Никита постеснялся спросить, что такое «якобинцы», но решил, что это сродни «врагам отечества». Тем не менее он солидно покивал:
– Думаю, ваш отец прав. У нас в семье тоже все военные.
– Мне кажется, вы очень сильный. – задумчиво сказал Миша, разглядывая крепкую фигуру нового знакомого. – Померимся ростом?
Никита с готовностью встал и радостно убедился, что почти на голову выше своего нового знакомого. Да и другие мальчики, находящиеся в приёмной, были на вид меньше его.
– Что ж, вам тут будет легче. Думаю, не рискнут бить, – одобрительно сказал Миша и протянул Никите худую смуглую руку. – Хотите дружить навек?
– Конечно. – Никита без улыбки пожал протянутую ему ладонь. Теперь он был спокоен, поняв, что этот худенький мальчик хочет подружиться с ним из-за его силы, но при этом искренне был рад тому, что у него впервые появился друг, да ещё навек.
В приёмной появился ротный командир в окружении взволнованных матерей, и новоявленные кадеты поднялись ему навстречу.

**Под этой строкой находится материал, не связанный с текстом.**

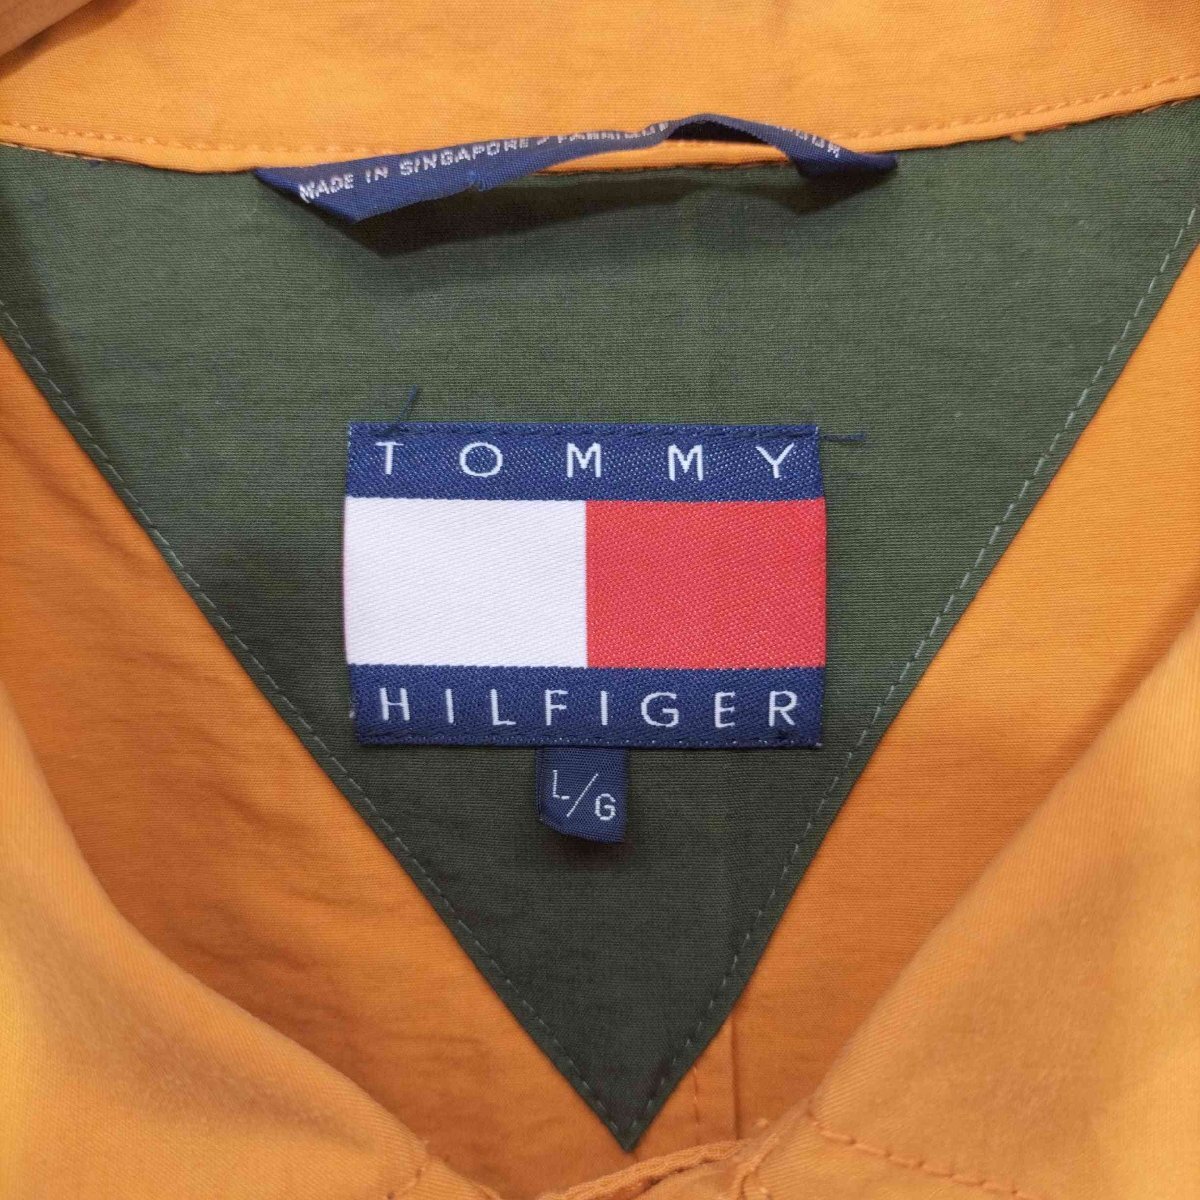 TOMMY HILFIGER(トミーヒルフィガー) 90S MADE IN SINGAPORE コットンナ 中古 古着 0804_画像6

Жизнь в селе Болотееве между тем текла своим чередом. По-прежнему календарь в имении считался по полевым работам, крестьяне запахивали землю, рубили лес, убирали хлеб, мяли лён, сеяли озимые, отрабатывали барщину, платили оброк. «Молодые господа», ни старший, ни младший, в имении не появлялись: Никита учился в корпусе, Аркадий не приезжал даже в отпуск, прожигая почти весь доход с имения на гусарские кутежи в Петербурге. Отец препятствий ему в этом не чинил и исправно высылал деньги.
В последние годы старый барин начал хворать: годы брали своё. То и дело у полковника Закатова прихватывало сердце, всё чаще отнимались ноги, ездить по работам он уже не мог; о том, чтобы взобраться в седло или хотя бы в дрожки, не было и речи. Летом он теперь целые дни просиживал в большом кресле на рассыхающейся веранде дома, глядя слезящимися, выцветшими глазами в заросший сад и беззвучно шевеля губами. Зимой – сидел в своём жарко натопленном, душном кабинете, шелестя старыми письмами от старшего сына или страницами расходных книг. Последнее, впрочем, делалось полковником без особой нужды и лишь по привычке: имением Закатовых самодержавно управляла Амалия Веневицкая.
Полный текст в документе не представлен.